Starting at the line that contains "Магазин Pufgun для", output each line exactly as written through the end of the listing below, but leave out the pictures.
--- Dataset section ---
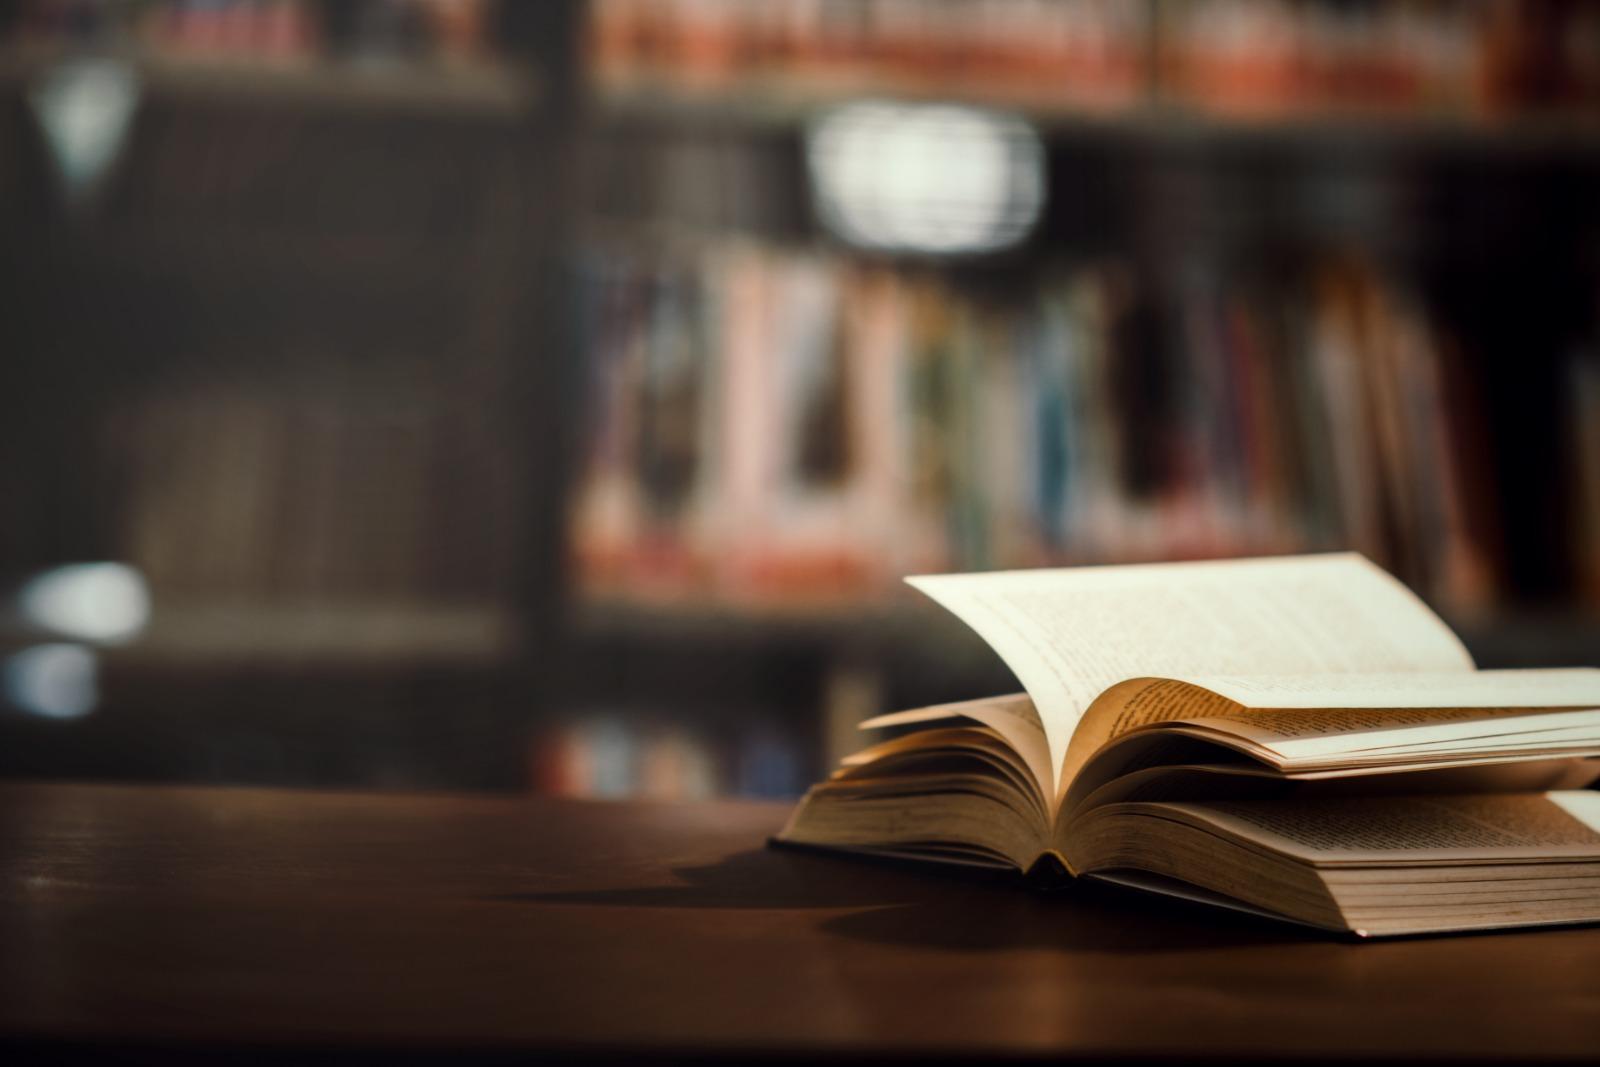 צילום ספר ברקע ספרייה
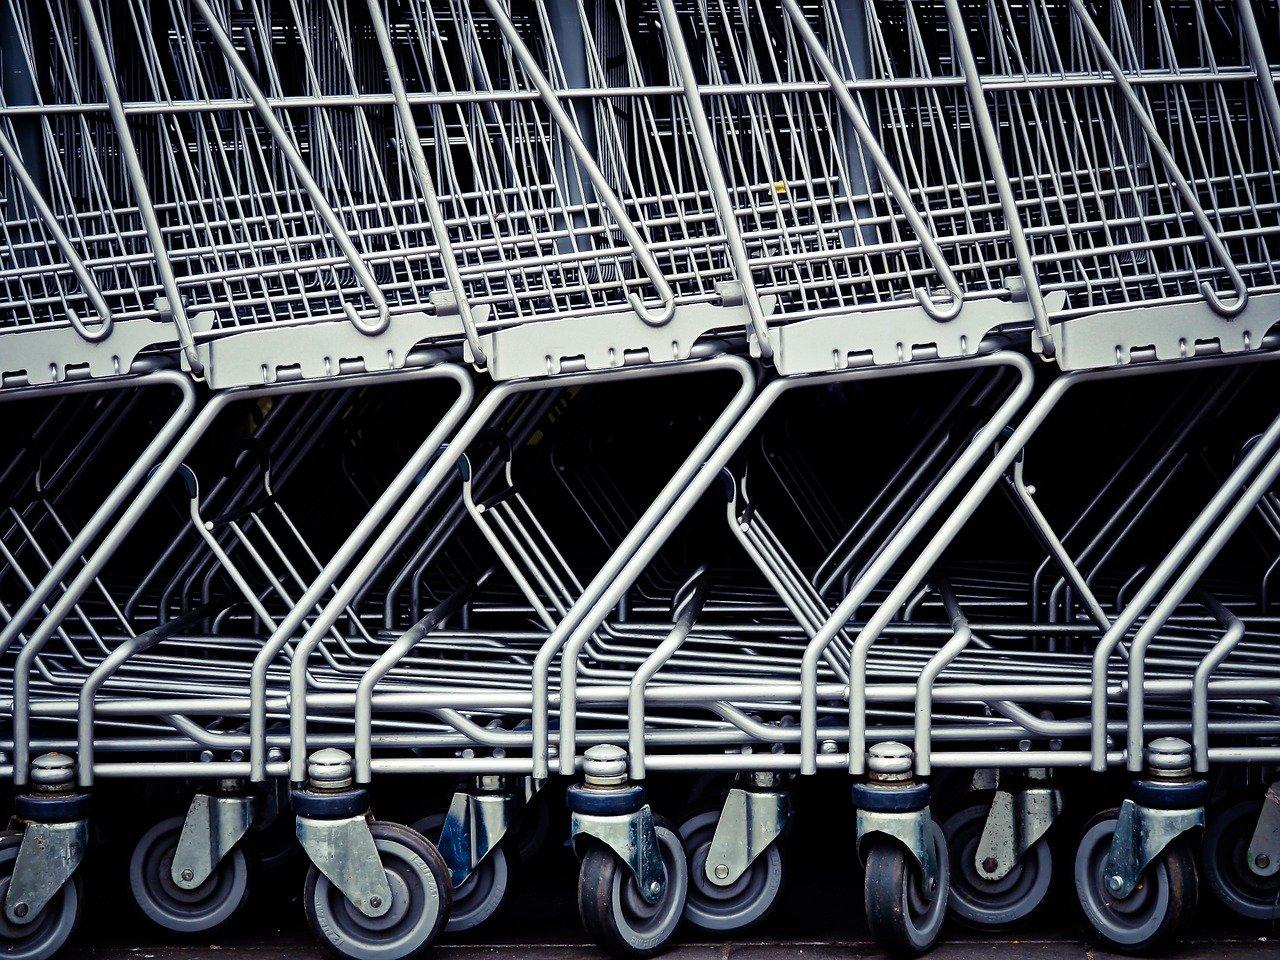 Zaprtje trgovin: zmaga za delavce, klofuta delodajalcem in udarec za gospodarstvo
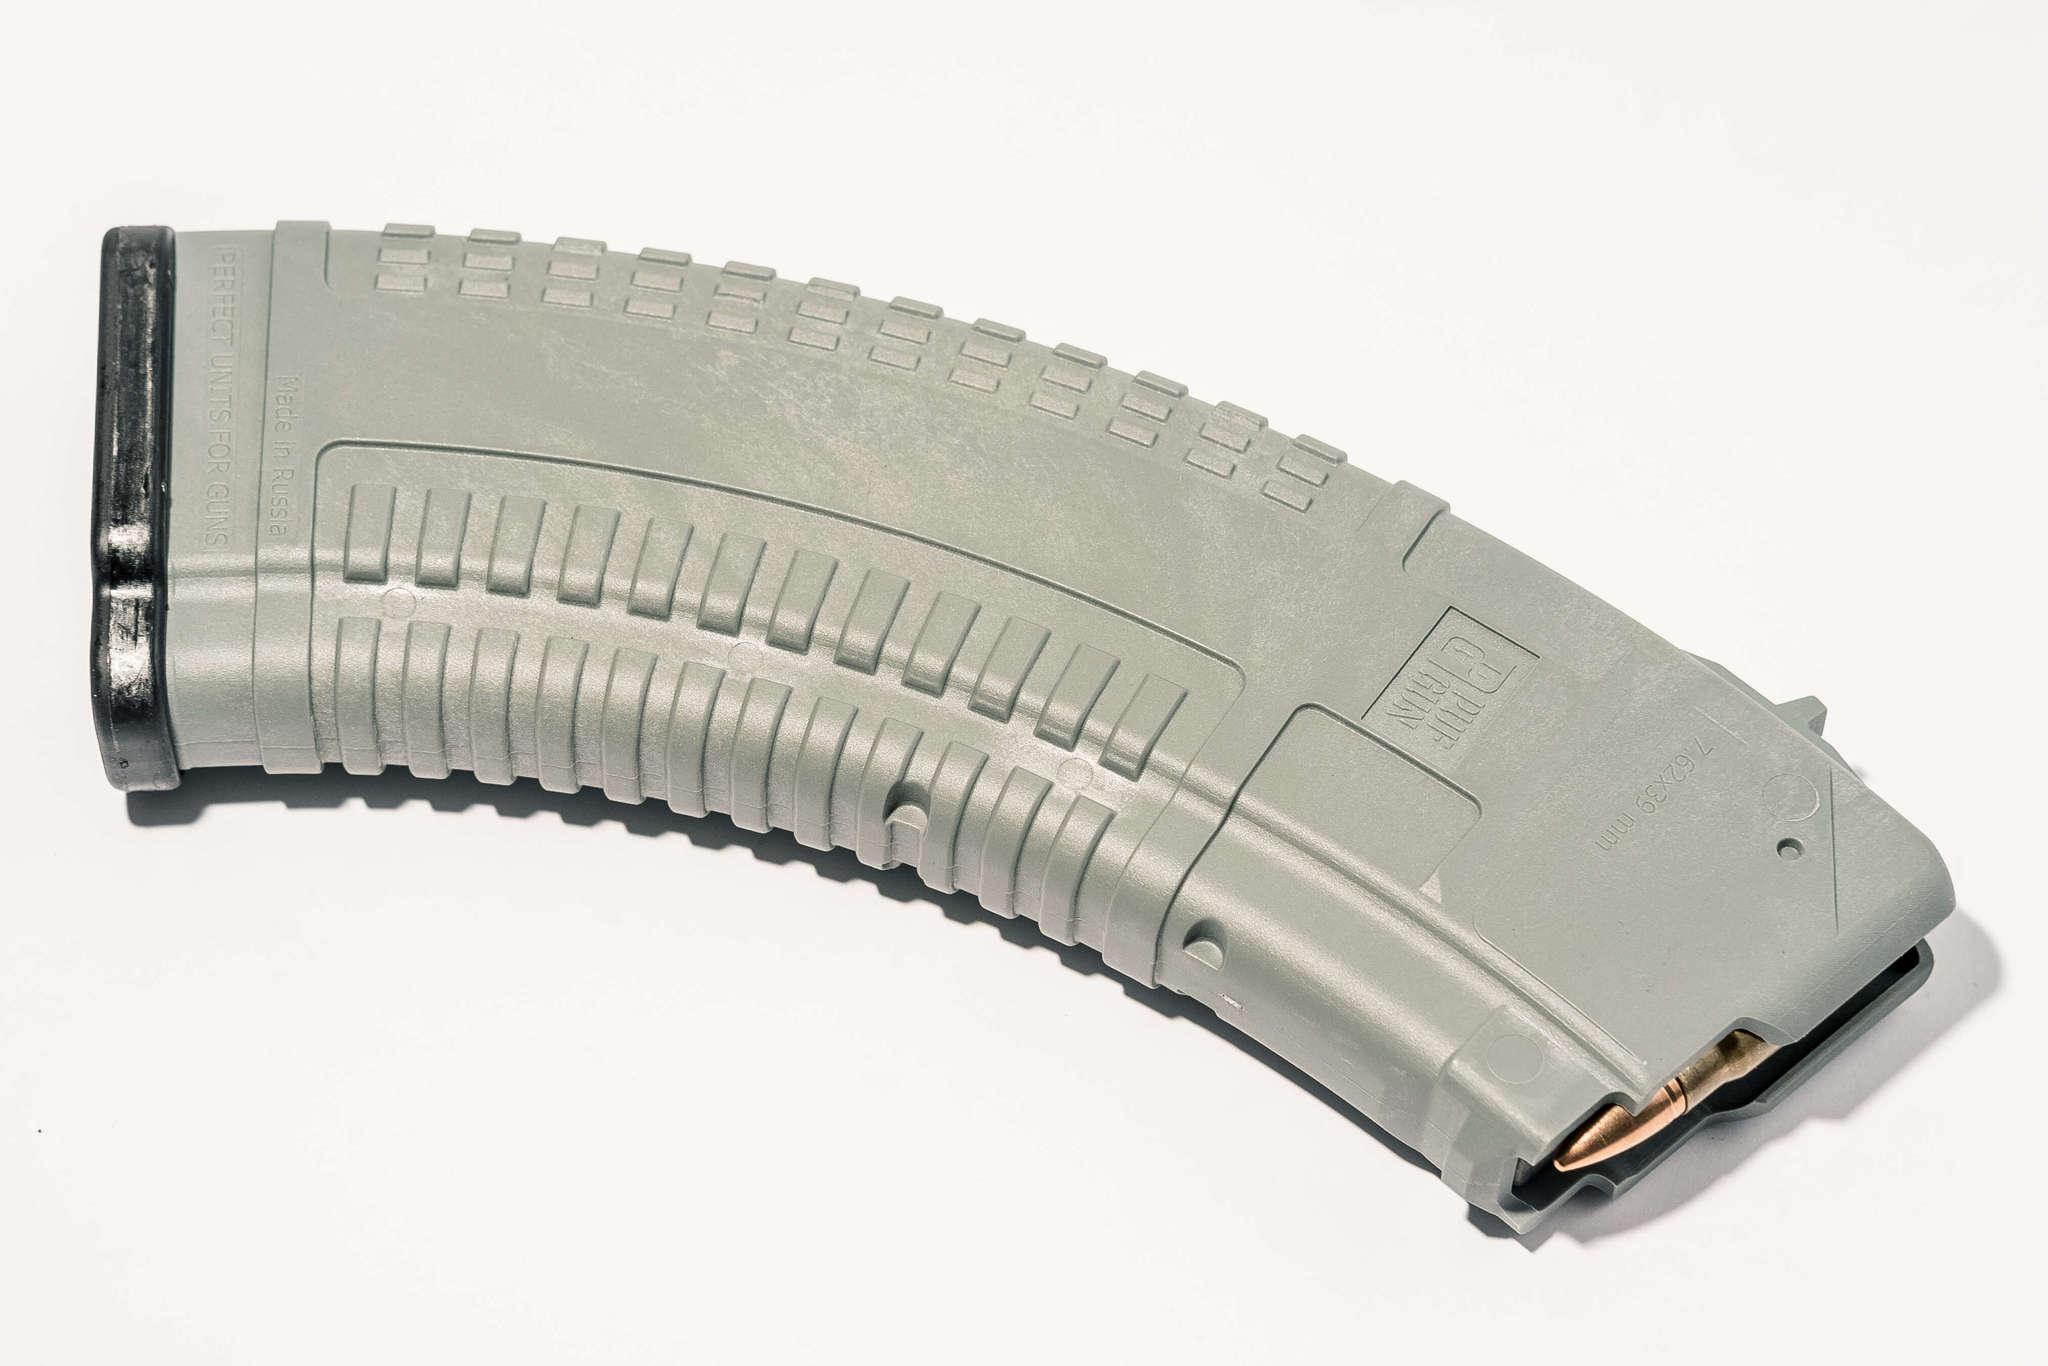 Магазин Pufgun для АКМ (7.62x39) ВПО-136 ВПО-209 на 30
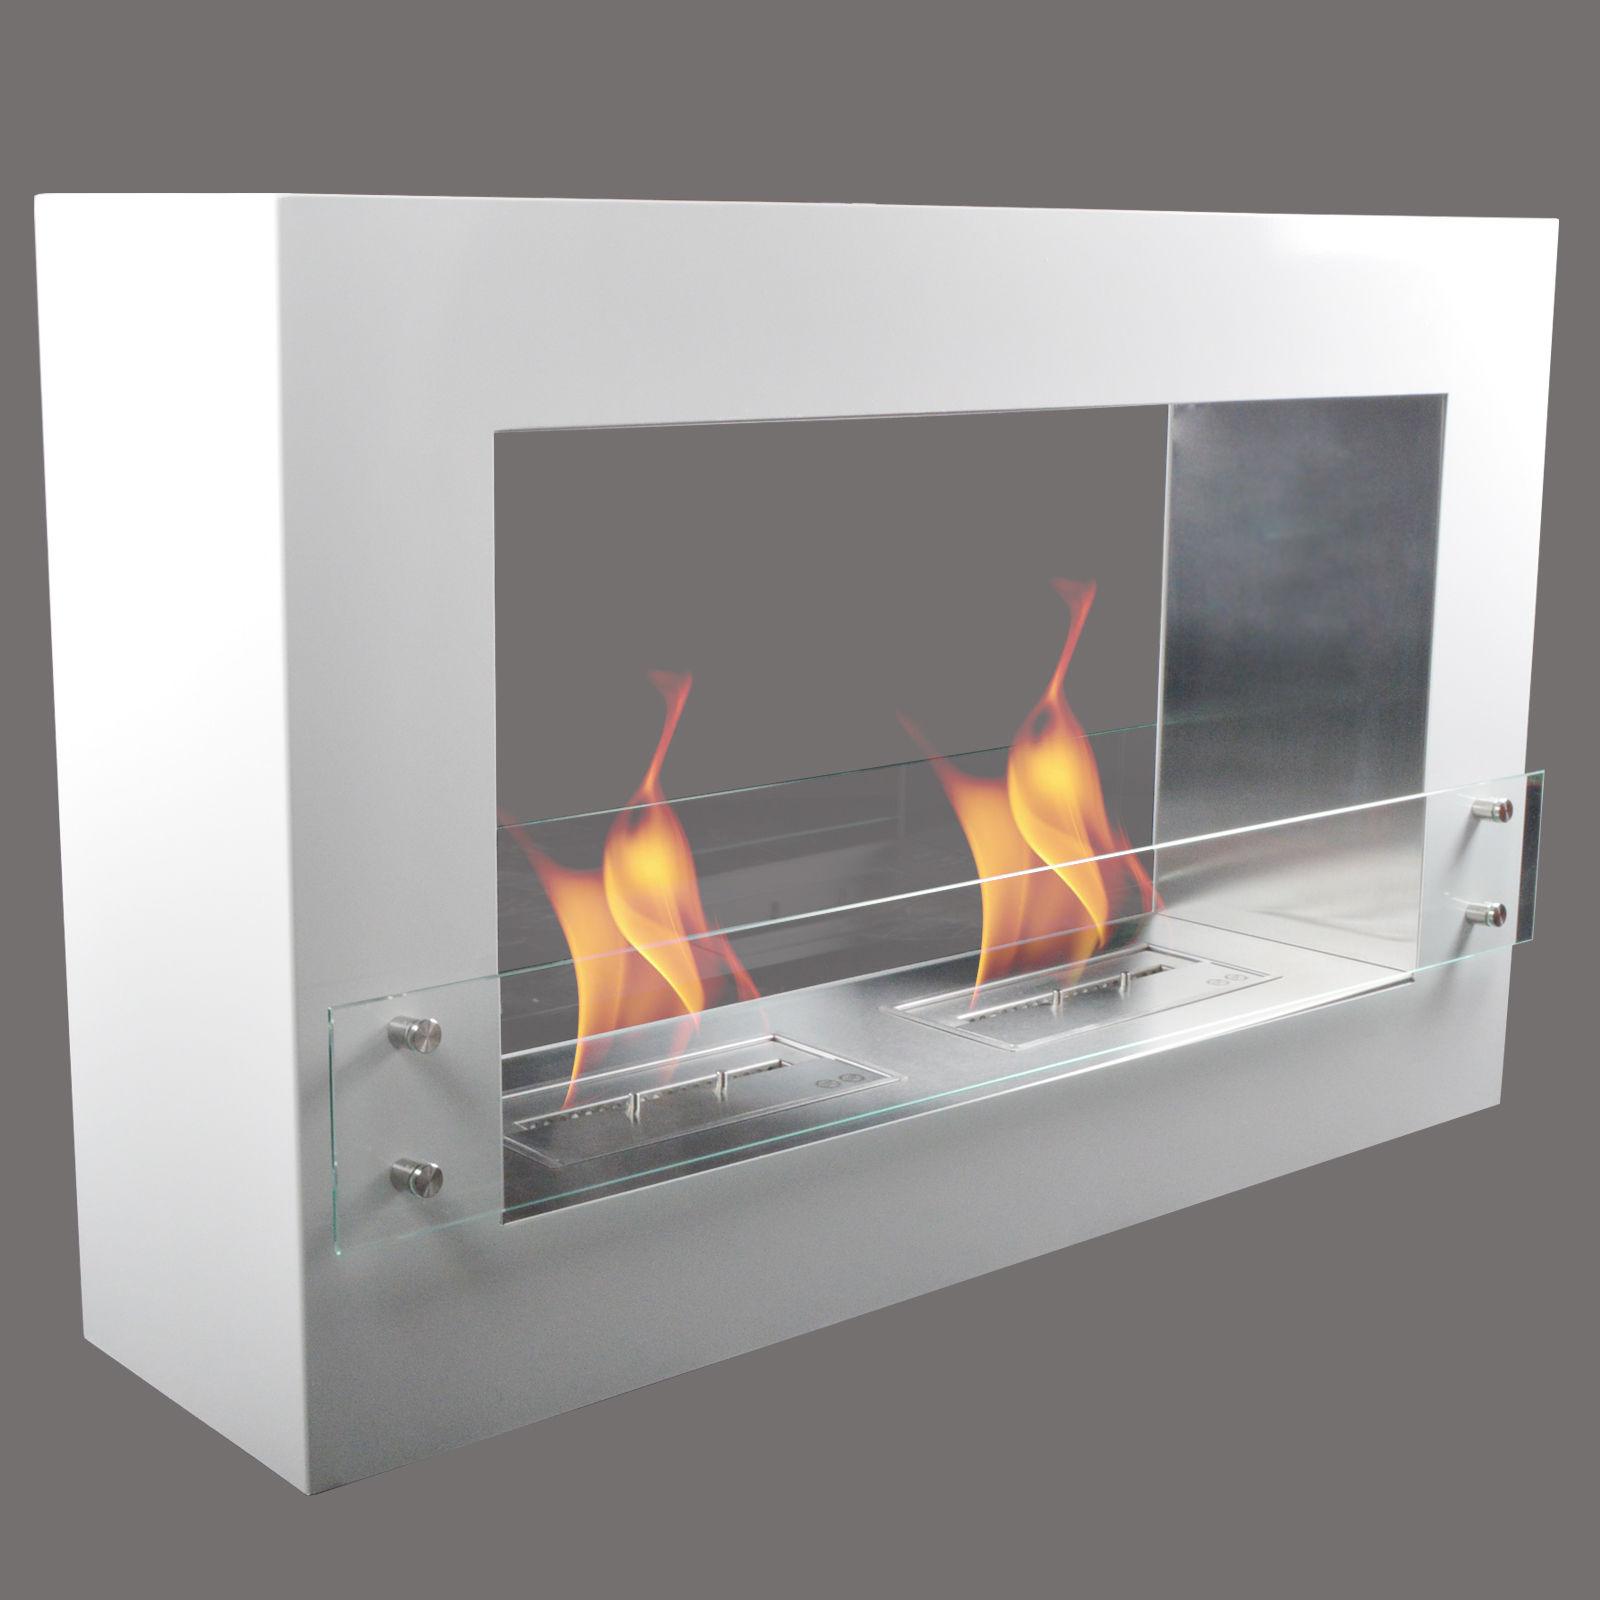 Kamin chimenea de pared mesa etanol gel c mara quemado - Chimenea bioetanol pared ...
---
• **Expected output**
 Магазин Pufgun для АКМ (7.62x39) ВПО-136 ВПО-209 на 30
 Kamin chimenea de pared mesa etanol gel c mara quemado - Chimenea bioetanol pared ...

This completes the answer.